Mon, Apr 1, 2019

Some Surprising Risks of Medicare Advantage Plans

Are you considering signing up for a Medicare Advantage plan? A growing number of seniors are choosing these private insurance plans, which typically offer low or zero premiums – and sometimes more services – than traditional Medicare.

While lower costs sound good, there are downsides and risks to Medicare Advantage.

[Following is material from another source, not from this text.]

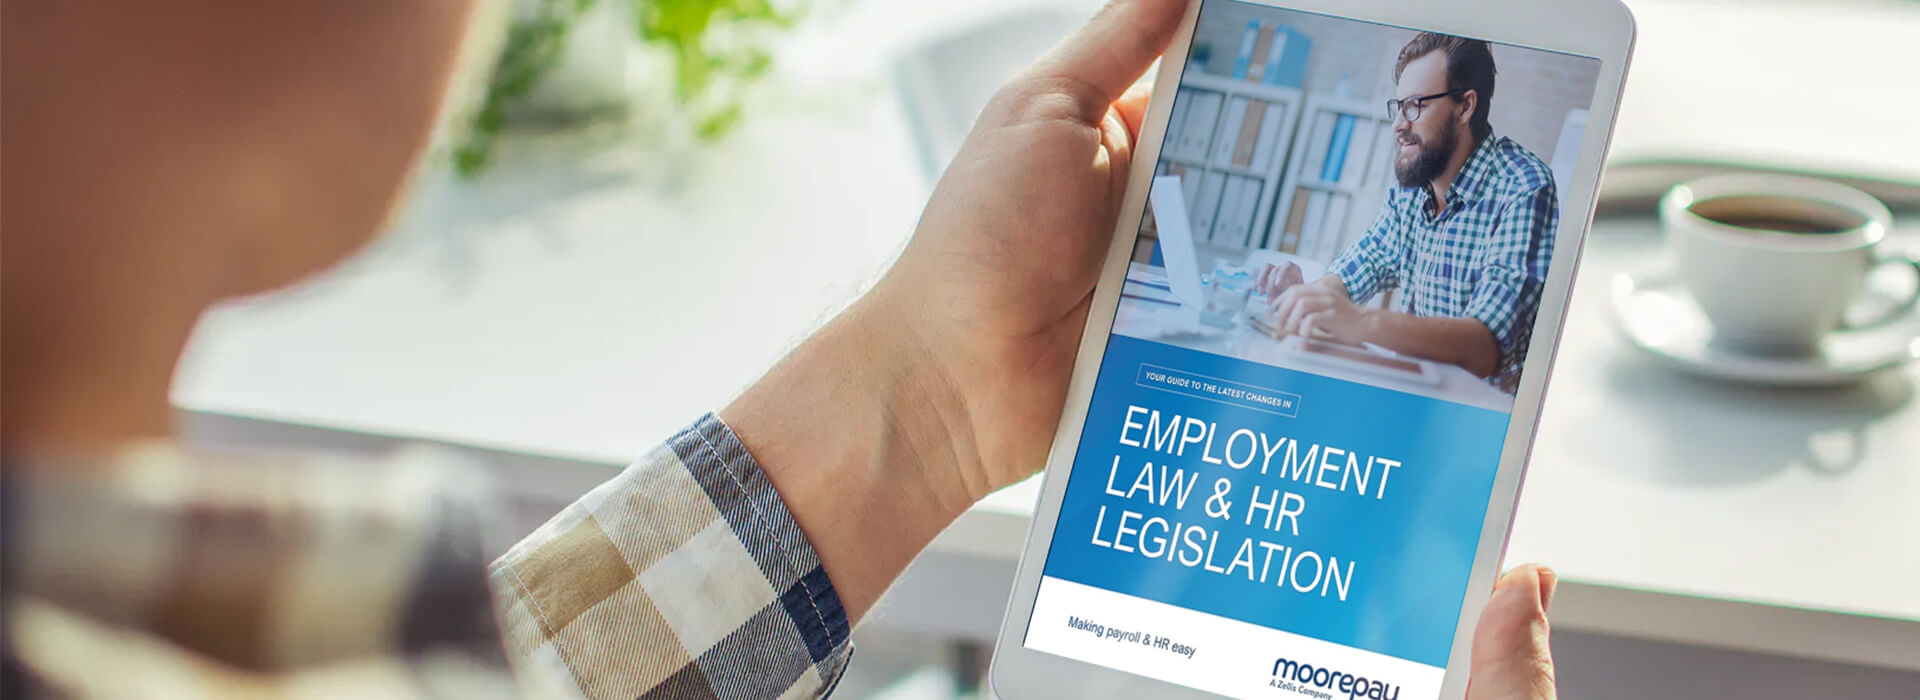 employment law guide download

You should know what they are and how they might affect you and your healthcare if you decide to enroll.

Medicare Advantage Plans Explained

First, it’s worth understanding just what a Medicare Advantage plan is and how it works. Medicare Advantage is an alternative to traditional Medicare. It is administered by private insurers rather than by the government.

Medicare Advantage plans are typically either health maintenance organizations (HMOs) or preferred provider organizations (PPOs). Both offer hospital and medical coverage (Medicare Part A and Part B). In many cases they also offer prescription drug coverage (Medicare Part D), dental and vision coverage and even gym memberships.

Into the Great Unknown

However, as the Henry J. Kaiser Family Foundation noted in a report titled Medicare Advantage Hospital Networks: How Much Do They Vary?, there is so much variation in the size of hospital networks and the services they offer, depending on the plan, that the whole selection process can become quite confusing. Worse yet, you may not even be able to see the differences between plans when reviewing plan directories – many of which are out of date or contain incorrect information, according to the Kaiser study. And your yearly costs are harder to predict because of the many copays that kick in once you get sick, receive treatment or require hospitalization.

Size Matters

The Kaiser study looked at 409 Medicare Advantage plans in 20 counties. Of those plans, 23% featured what Kaiser defined as broad networks that included 70% or more of the hospitals in the county. Roughly 61% had medium-size networks that included between 30% and 69% of all hospitals in the county. About 14% had what Kaiser characterized as “narrow” networks, with less than 30% of hospitals included, and 2% had “ultra-narrow” networks including less than 10% of hospitals in a given county. Traditional Medicare is likely to give you a wider choice of hospitals (including facilities all over the U.S., not just in your county), but the only way to find out for sure is to check with the hospitals you’d hope to use.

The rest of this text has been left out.